2) 2 i personally would leave it for another week at primary fermentation temp for the yeast to clean up their mess (you dont see the hydro drop) you should have a nicer drop
3) if the beer machine holds 10-15 psi whilst fermenting would you even need to prime it shouldn't it already be carbonated during the primary fermentation?

you can also cold condition in the party keg to free up your beer machine for another batch! The first pour will be a little cloudy the rest should be clear as long as you dont mix it up


welcome to AHB and to brewing


----------



## okolicsa (13/10/11)

Thanks for the extra tips guys. Duly noted.

Stux I think you are right.

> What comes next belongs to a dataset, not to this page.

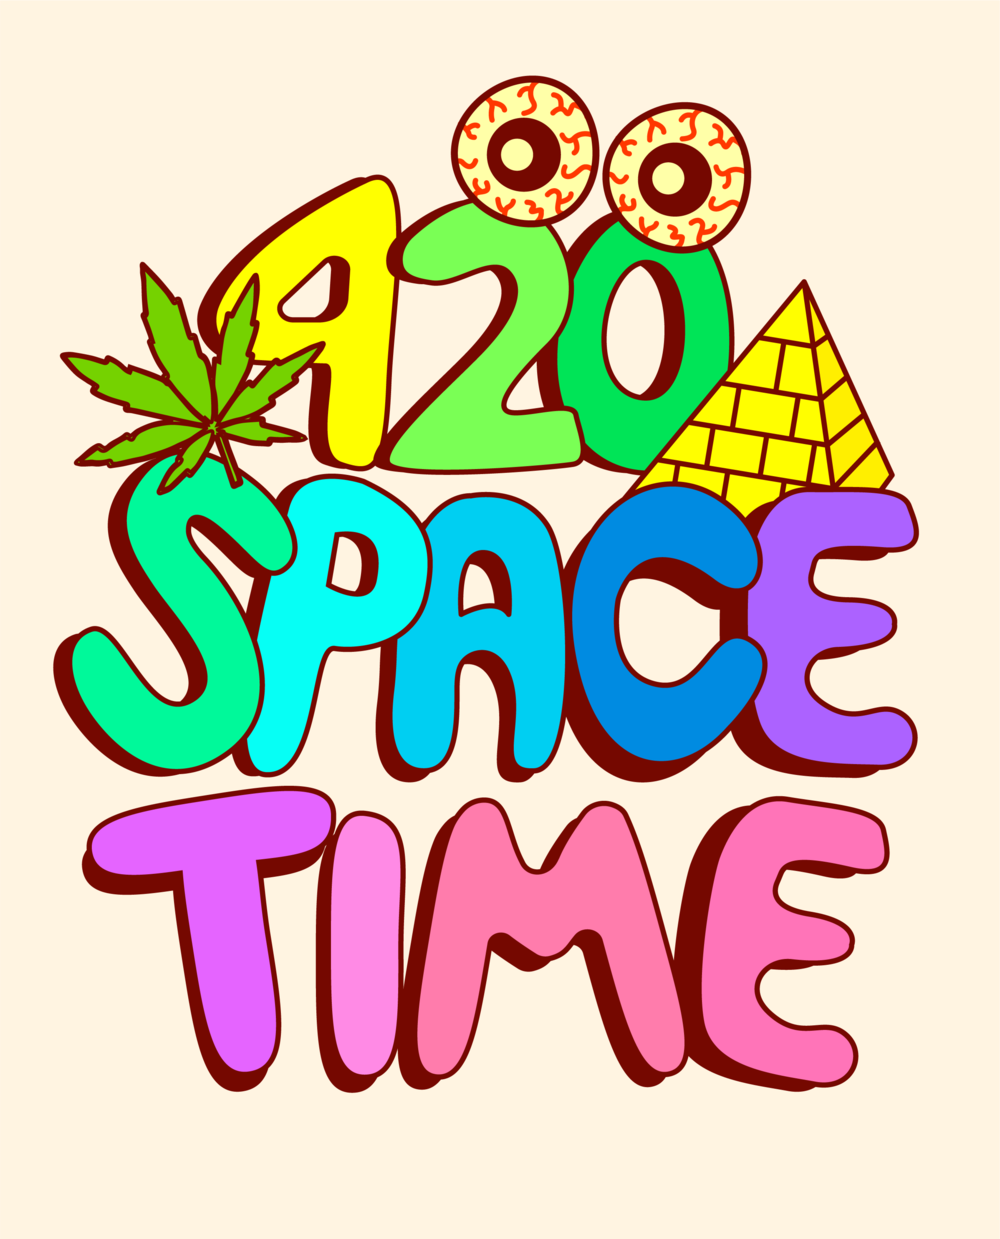 T-SHIRT DESIGN FOR @420SPACETIME

I can see that I will be getting a 23litter brewing kit soon. I have also realised that the tap on the beer machine does not work very efficiently without pressure. I expect filling the second keg might take some time without a CO2 cartridge to help. As for cold crashing my brew, it is becoming increasingly clear that a brew fridge will be needed, not only for chilling but also for temperature control during fermentation (I live in QLD).

Mikey, yes the beer machine does also carbonated during the primary fermentation, so in theory you should not need to re-carbonate. I was hoping to add some sugar to create a CO2 barrier and additional carbonation in the keg for storage. 

So now that the beer machine is free, its time for a new brew. I think I will change the process a little bit to be:
1st brew, 2 weeks fermentation in the beer machine and then fill the kegs (adryargumet, this should get it away from the yeast cake and free the beer machine up). 
2nd brew, will be done all in the beer machine, fermentation then to the fridge. 

It will be interesting to compare the clarity of the beer from the 2 processes and see if the beer machine lives up to my 1st original brew and be ready in 3 weeks when brewing from a different kit than the intended delivered one. If it does in theory I will brew 20 litters in 4-5 weeks, similar to the coopers kit.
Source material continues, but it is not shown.